Primarily by using texts, but in a different way than before. Most Chinese historians have used official dynastic histories. They comb through it for mention of who is a Taoist and then write this up as a history, but they ignore the religious texts.
Why is that?
The religious texts are found in a huge collection called the Taoist canon. Until fairly recently, people said it was a mess — you can’t date anything and so it’s not worth considering if you are writing a history of China. But this has changed. We now have for example the work of Kristofer Schipper and Franciscus Verellen that gives a date for every document.
So the Taoist canon can be used as an alternative history, expanding on the official histories.
It shows another aspect of Chinese society that you can’t get from the “zhengshi,” or “official histories.” This has been my inspiration my whole career — to find this alternative thread through Chinese society — the part that didn’t get recorded in the emperor’s official history.
This strikes me as similar to the history of early Christianity. There, too, is a very limited amount of physical material.

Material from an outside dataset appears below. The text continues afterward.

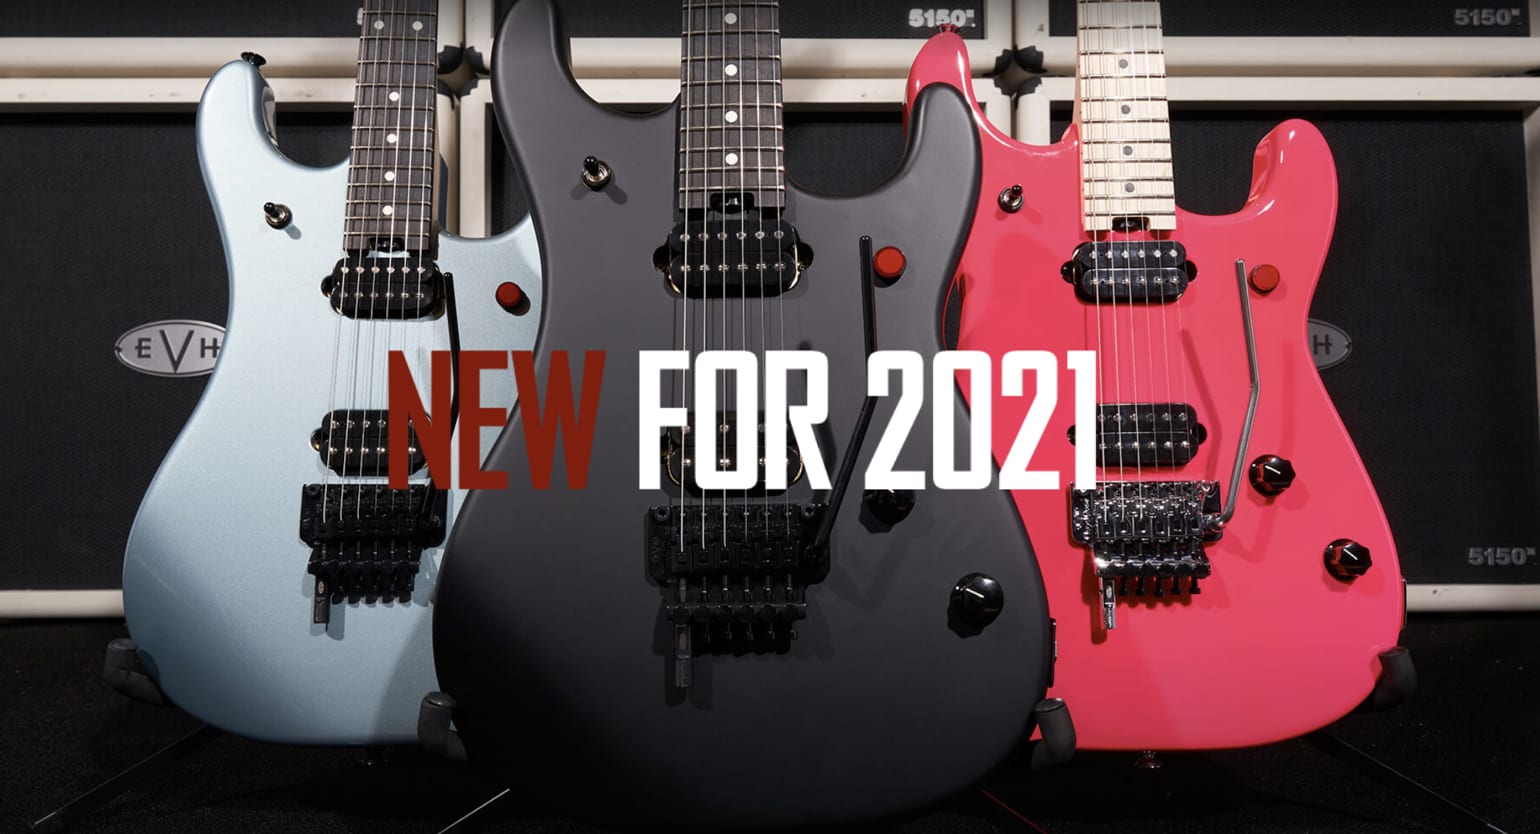 EVH 5150 2021 lineup announced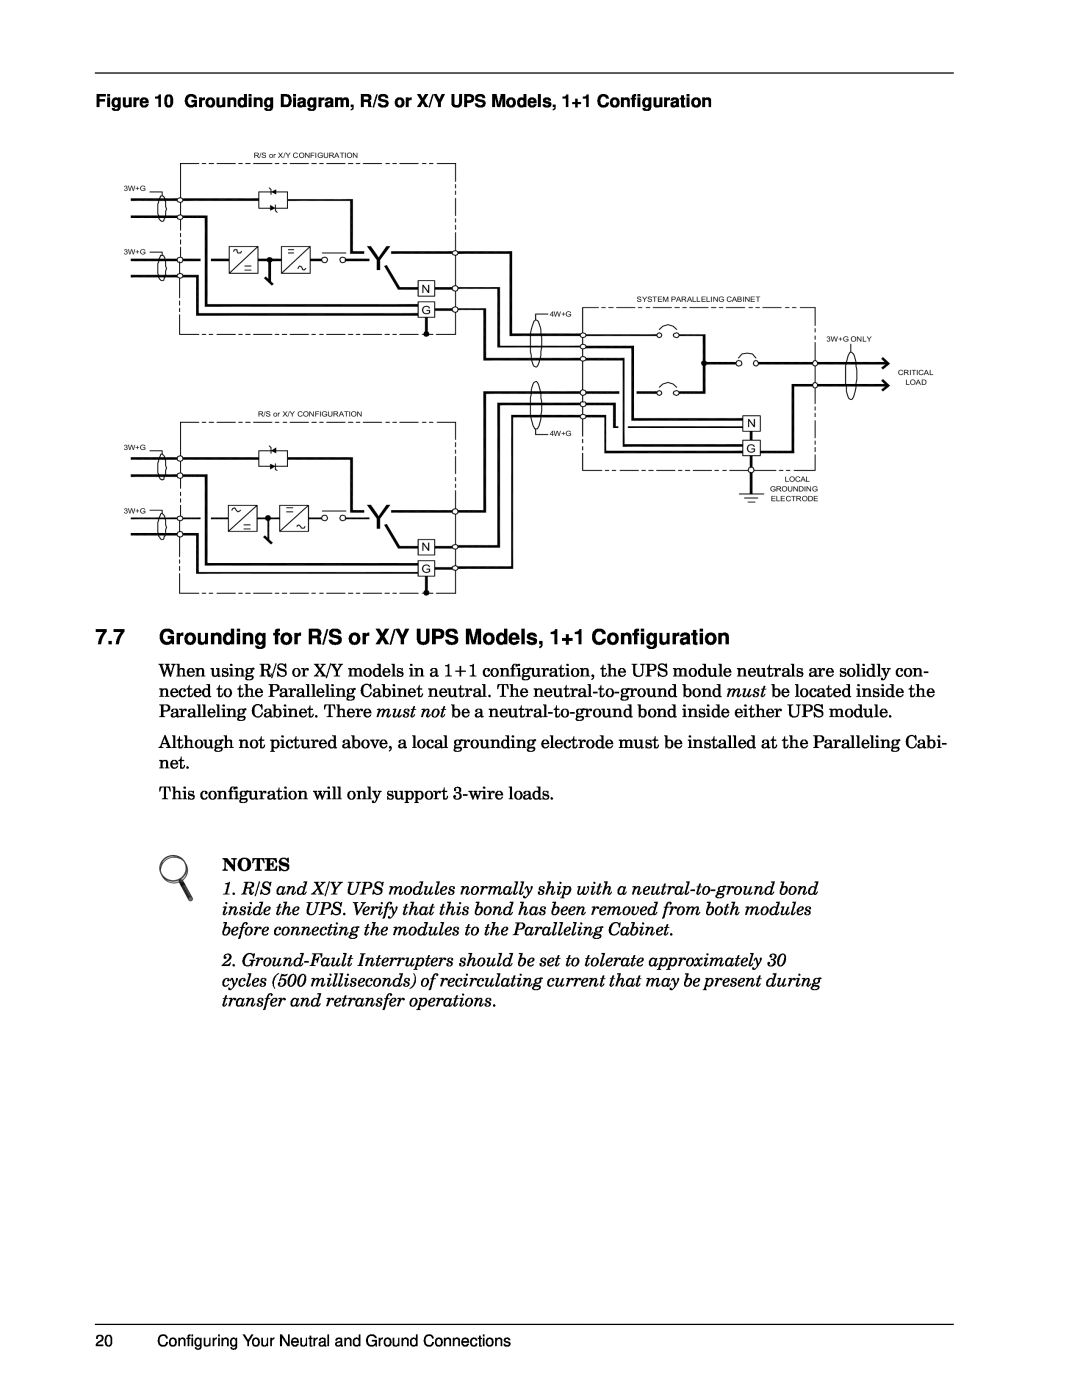 Emerson 30-130 kVA Grounding Diagram, R/S or X/Y UPS Models, 1+1 Configuration, 7KLVFRQILJXUDWLRQZLOORQO\VXSSRUWZLUHORDGV

I’m fascinated with the parallels. We have the same limited amount of textual material. We need to squeeze it, just like they did with the Gospels. That’s been one of my goals with the book, to get all of that early authentic material, and write a history of the movement.
Have Chinese historians worked this material?
There is little philological tradition like this in China. The main philological work in Chinese Buddhism, for example, was done by Japanese and Western scholars. They dated the material and produced catalogs.
There’s been very little work in Taoism or Chinese religion comparable to the work done on Christianity. For example, you can internally date texts and say this part is earlier than that part. This is common in the Bible, but very uncommon in Chinese texts.
Why hasn’t this been popular among Chinese scholars?
I think it reflected the prejudice by the educated elite against religion — that it wasn’t worthy of study. Most Chinese scholars have thought of Taoism as a degenerate philosophy — something that once had to do with Laozi but ended up with a bunch of charlatan tricks.
Today it seems different. Taoism is embraced as part of the traditional Chinese culture that the government is promoting.
Only certain aspects of the religion. The Chinese Constitution guarantees freedom of religious belief but not religious practice. Much of what a traditional Taoist priest did is now illegal. They are allowed to do rituals but cannot claim to have actually accomplished anything with the ritual, or else it is called superstition. If you claim your ritual will actually heal someone or save their relatives, you can be thrown in jail for fraud.
It leaves Taoism in a very different position in society, a representative of the culture without any rights to control their own public image, which is controlled by the government.